McDaniel is making just $10 an hour, and working just 20 hours a week, but said she’s “never been happier.”

“I wanted something that felt worthwhile and the mission here is very powerful,” she said.

Nearly 1,500 “ReServists” have put in time over the past seven years, and more than 500 are working now at a broad variety of positions.

There are college mentors, bookkeepers, writers, teachers, paralegals, administrative assistants, doctors, nurses and even greeters at the wedding chapel in New York’s City Hall.

“We could never afford these social workers, these retired accountants,” said Janice Chu, who coordinates the ReServe program for 17 New York City agencies, including the departments of health, corrections and the aging. “They’re such an asset with their years and years of experience.”

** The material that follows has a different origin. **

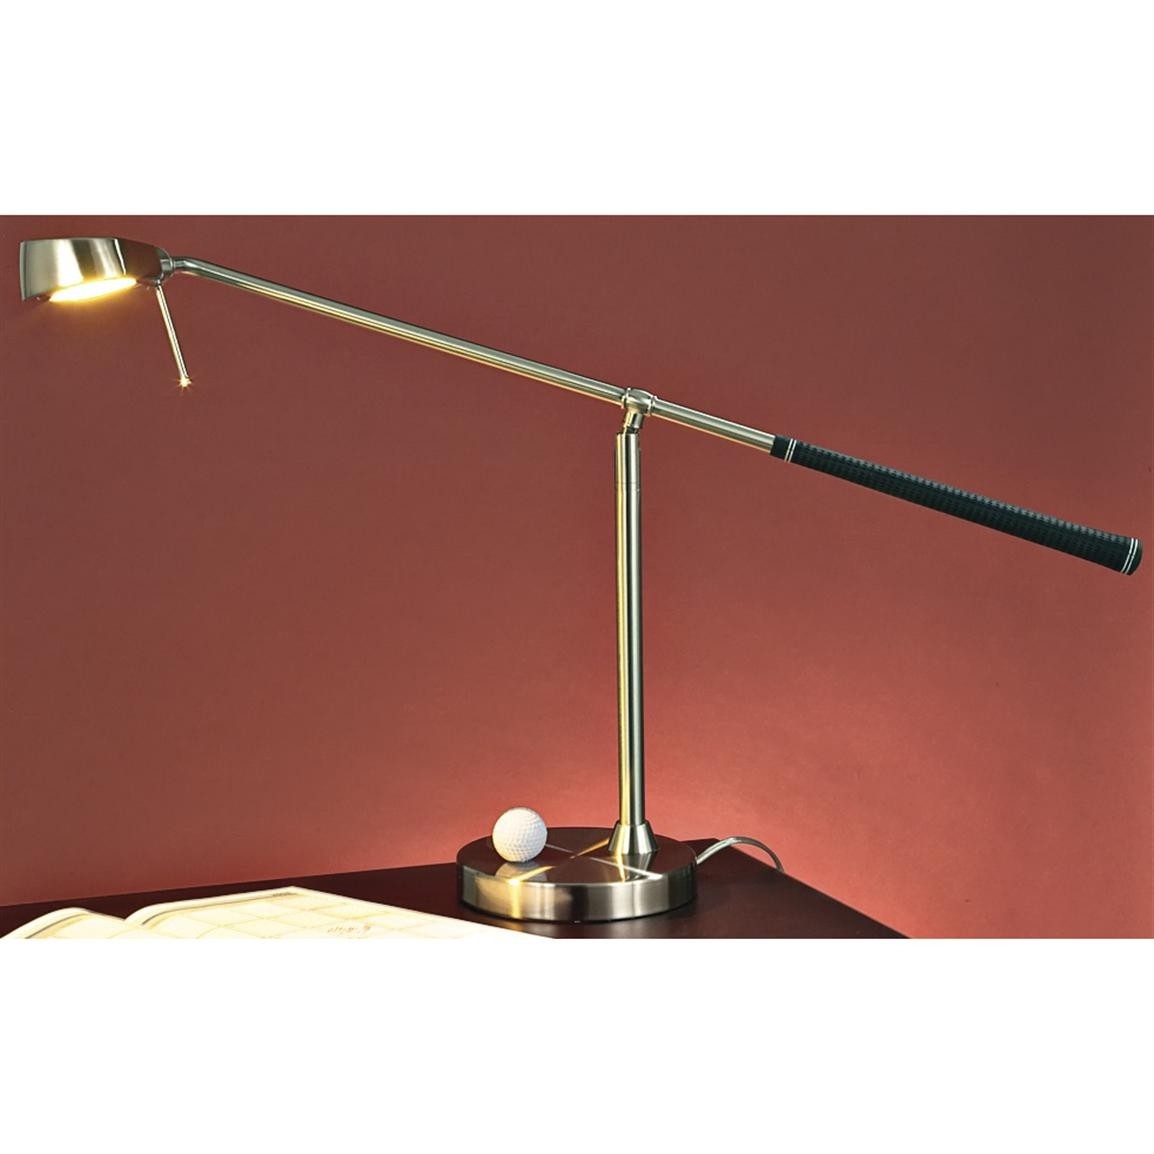 Adjustable halogen 7 iron golf club lamp 136381

New York City’s is the original and largest ReServe operation, but the company has branches in Westchester County, N.Y.; Newark, N.J.; Baltimore; Miami; and southeast Wisconsin.

ReServists work an average of 15 hours a week at that $10 wage — no health benefits — and the agencies get professional expertise without paying anything close to going rates.

Officials say that because nonprofits, never flush, are battling the slow economy, some of the talents most in demand are fund raising and grant writing. Experience in personnel and accounting is also highly valued, as is the ability to speak a language besides English.

The nonprofits pay $15 an hour, of which $2.60 goes to ReServe and $2.40 to the company that manages payroll and taxes.

About 50 percent of ReServe’s funding comes from private foundations and public grants, said spokesman Jesse Dean.